Laporan ke Kementerian Agama dan Sidang Isbat
Hasil pemantauan hilal di Pantai Baro Gebang selanjutnya akan dilaporkan ke Kementerian Agama Republik Indonesia. Laporan tersebut menjadi salah satu bahan pertimbangan dalam sidang isbat yang digelar secara nasional untuk menetapkan 1 Syawal 1447 Hijriah.
Sidang isbat biasanya melibatkan berbagai pihak, mulai dari perwakilan ormas Islam, ahli astronomi, hingga pejabat pemerintah. Keputusan akhir penetapan Hari Raya Idulfitri akan diumumkan secara resmi oleh Menteri Agama setelah mempertimbangkan hasil rukyat dari berbagai daerah serta data hisab nasional.
Karena di Kabupaten Cirebon hilal tidak terlihat dan secara astronomi masih berada di bawah ufuk, besar kemungkinan bulan Ramadan akan digenapkan menjadi 30 hari sesuai kaidah istikmal.

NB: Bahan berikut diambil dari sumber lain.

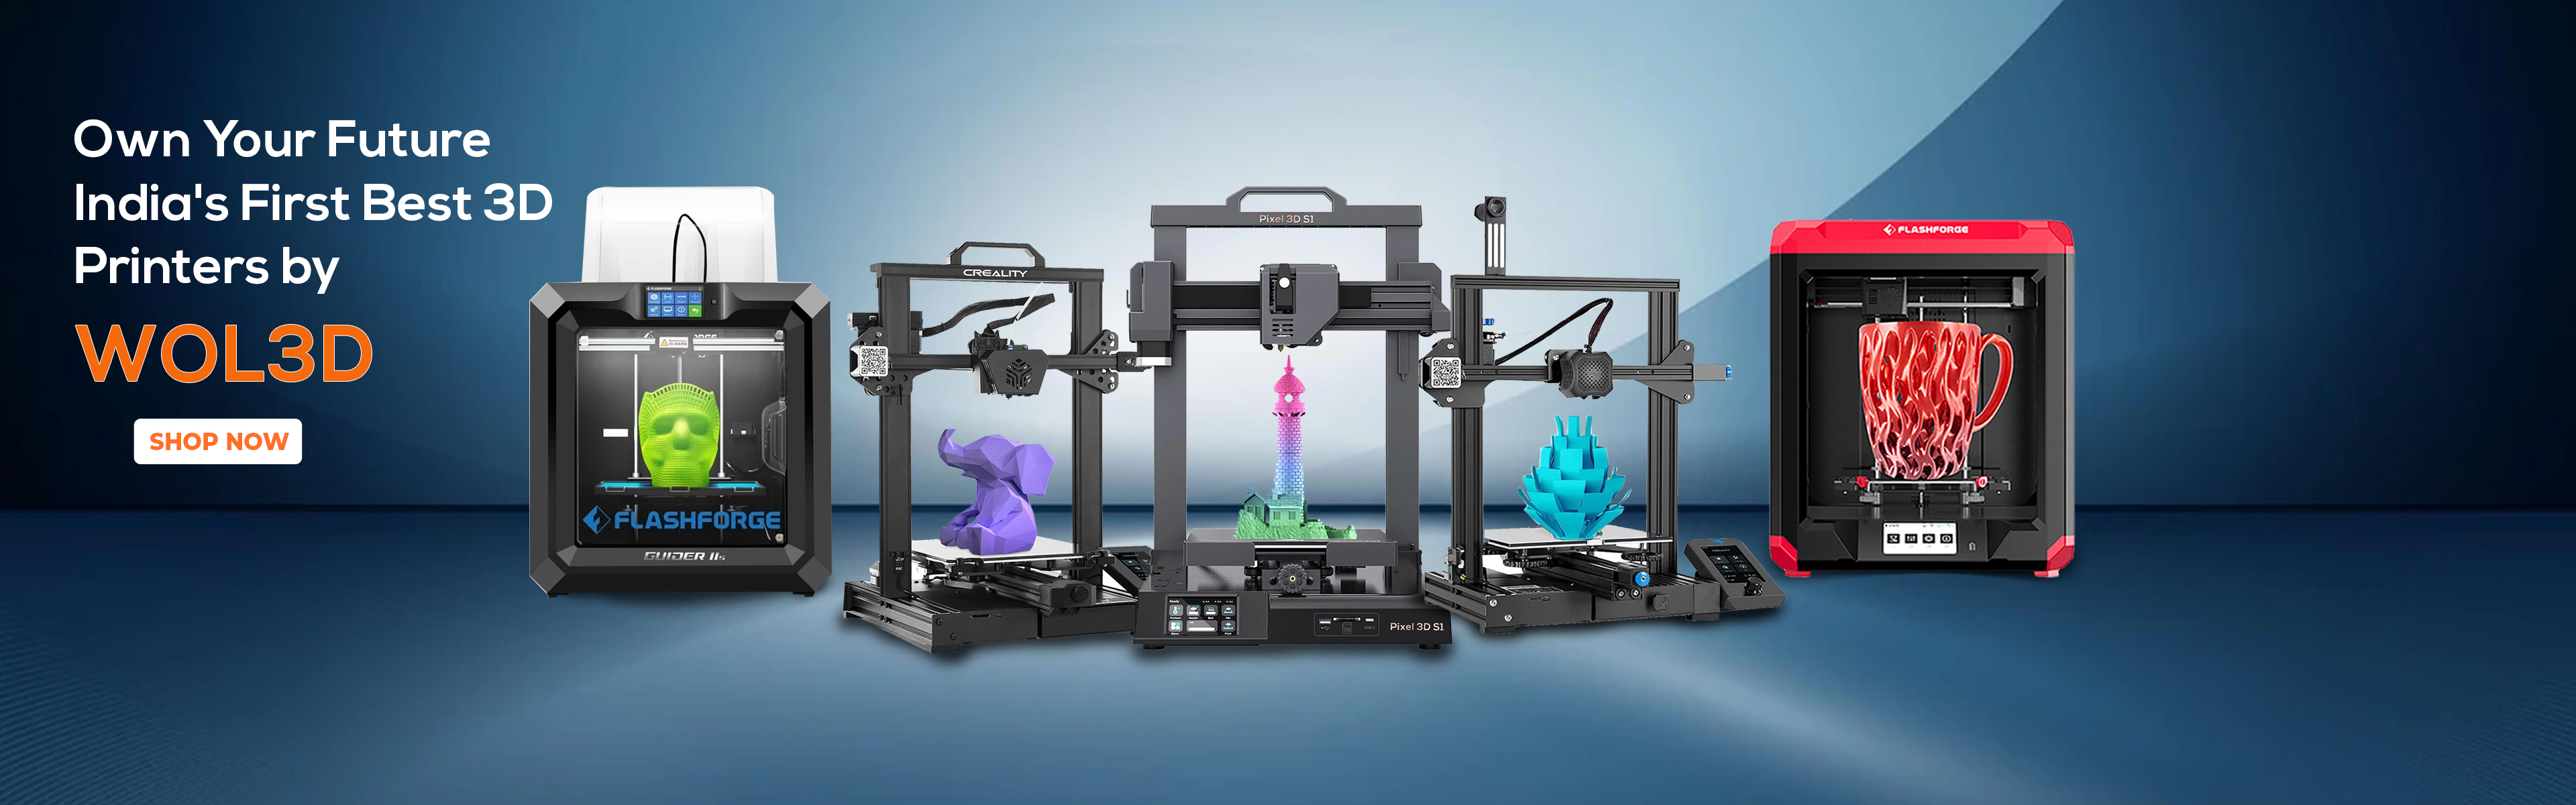 af på en ferie angst Buy 3D printers instantly and at affordable prices

Prediksi 1 Syawal 1447 Hijriah
Berdasarkan hasil pemantauan dan perhitungan yang ada, 1 Syawal 1447 Hijriah diprediksi jatuh pada Kamis, 19 Februari 2026. Dengan demikian, umat Islam akan menyempurnakan ibadah puasa Ramadan selama 30 hari sebelum merayakan Idulfitri.
Penetapan resmi tetap menunggu hasil sidang isbat nasional. Namun, melihat posisi hilal yang minus nol derajat dan tidak memenuhi kriteria tiga derajat, peluang terjadinya rukyat positif sangat kecil.
Pemantauan hilal di Pantai Baro Gebang menjadi bagian dari upaya menjaga akurasi dan kehati-hatian dalam menentukan awal bulan Hijriah. Proses ini menunjukkan sinergi antara lembaga keagamaan daerah, Pengadilan Agama, serta pemerintah pusat demi memastikan keputusan yang diambil memiliki dasar syar’i dan ilmiah.
Dengan demikian, masyarakat Kabupaten Cirebon dan sekitarnya diimbau menunggu pengumuman resmi pemerintah terkait penetapan 1 Syawal 1447 H. Hasil rukyat dari berbagai daerah akan menjadi dasar utama dalam menentukan Hari Raya Idulfitri 2026 secara nasional.